After the death of Tenison, archbishop of Canterbury (4 Dec. 1715), a survey of the archiepiscopal residences was made by James, under the direction of Dickenson, and demands for dilapidations were made by Archbishop Wake. Tenison's executors contested the demand as exorbitant. A war of pamphlets followed in 1716 and 1717, James defending himself in ‘The Survey and Demand for Dilapidations … justified, against the Cavils and Misrepresentations contained in some Letters lately published by Mr. Archdeacon [Edward] Tenison [the archbishop's nephew],’ 1717 (see letter from E. Tenison, 27 Oct. 1717, in Strype, Correspondence, Cambr. Univ. Libr. MS. 2508). The matter was finally settled by arbitration. The Duke of Chandos is said to have employed James, as well as Gibbs and Sheppard, in designing his mansion, Canons, near Edgware, Middlesex, but Gibbs was chiefly responsible (cf. Builder, 1864, p. 41, Beauties of England and Wales, vol. x. pt. iv. p. 635).

In 1729 he joined his brother Thomas, a type-founder (1685–1738), William Fenner, a stationer, and James Ged in their unlucky attempt to work William Ged's system of block-printing or stereotyping [see Ged, William]. James appears to have been ‘taken into partnership as having money’ (cf. Mores, Narrative of Block Printing, p. 37), and being ‘universally acquainted with the nobility and dignified clergy.’ The losses of the enterprise fell heavily on him in 1738, when its failure was complete. He died at Greenwich, after a lingering illness, on Thursday, 15 May 1746. His wife Mary survived him. Only one child is mentioned in the will (made 8 Oct. 1744, proved 30 May 1746), a son, who had died before 1744, leaving a widow.

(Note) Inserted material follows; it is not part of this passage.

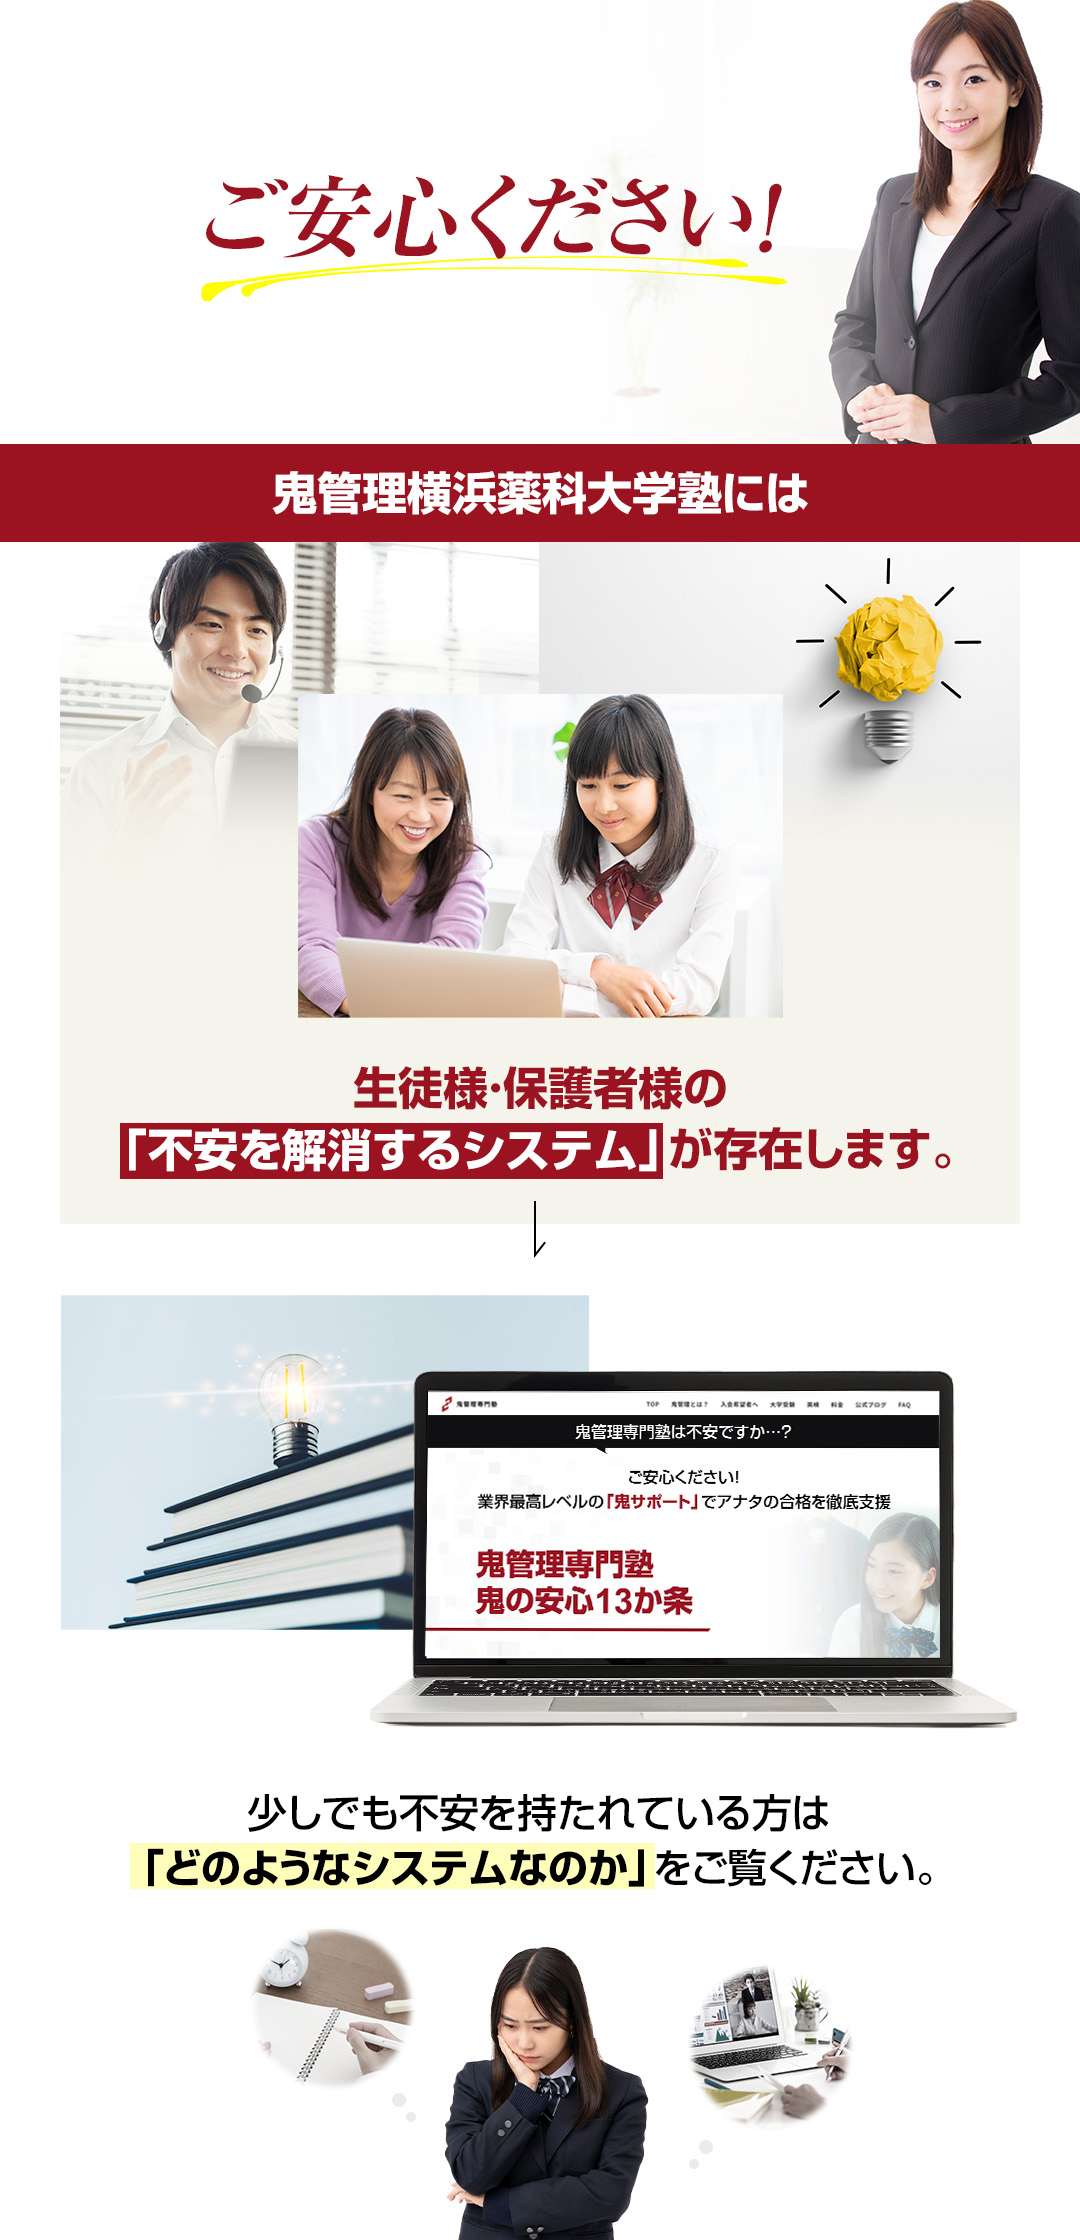 鬼管理横浜薬科大学塾には生徒様・保護者様の「不安を解消するシステム」が存在します

James published: 1. ‘Rules and Examples of Perspective, proper for Painters and Architects,’ from the Italian of Andrea Pozzo (Rome, 1693), with plates by John Sturt, 1707. 2. ‘A Treatise of the Five Orders of Columns in Architecture,’ from the French of Claude Perrault, with plates by Sturt, 1708. 3. ‘The Theory and Practice of Gardening, wherein is handled all that relates to Fine Gardens,’ from the French of J. B. Alexandre Le Blond (Paris, 1709), with plates by Vandergucht and others, 1712; 2nd edition, from a later French edition, ‘with very large additions and a new treatise of flowers and orange-trees,’ 1728. 4. ‘A Short Review of the several Pamphlets and Schemes that have been offered to the Publick in relation to the Building of a Bridge at Westminster,’ 1736. To James's work Batty Langley [q. v.], who was here somewhat severely handled, published a reply in 1737. James drew the ‘North-west Prospect of Westminster Abbey, with the Spire as designed by Sir Christopher Wren,’ which was engraved by Fourdrinier, and by Toms for Maitland's ‘London’ (1736, p. 686).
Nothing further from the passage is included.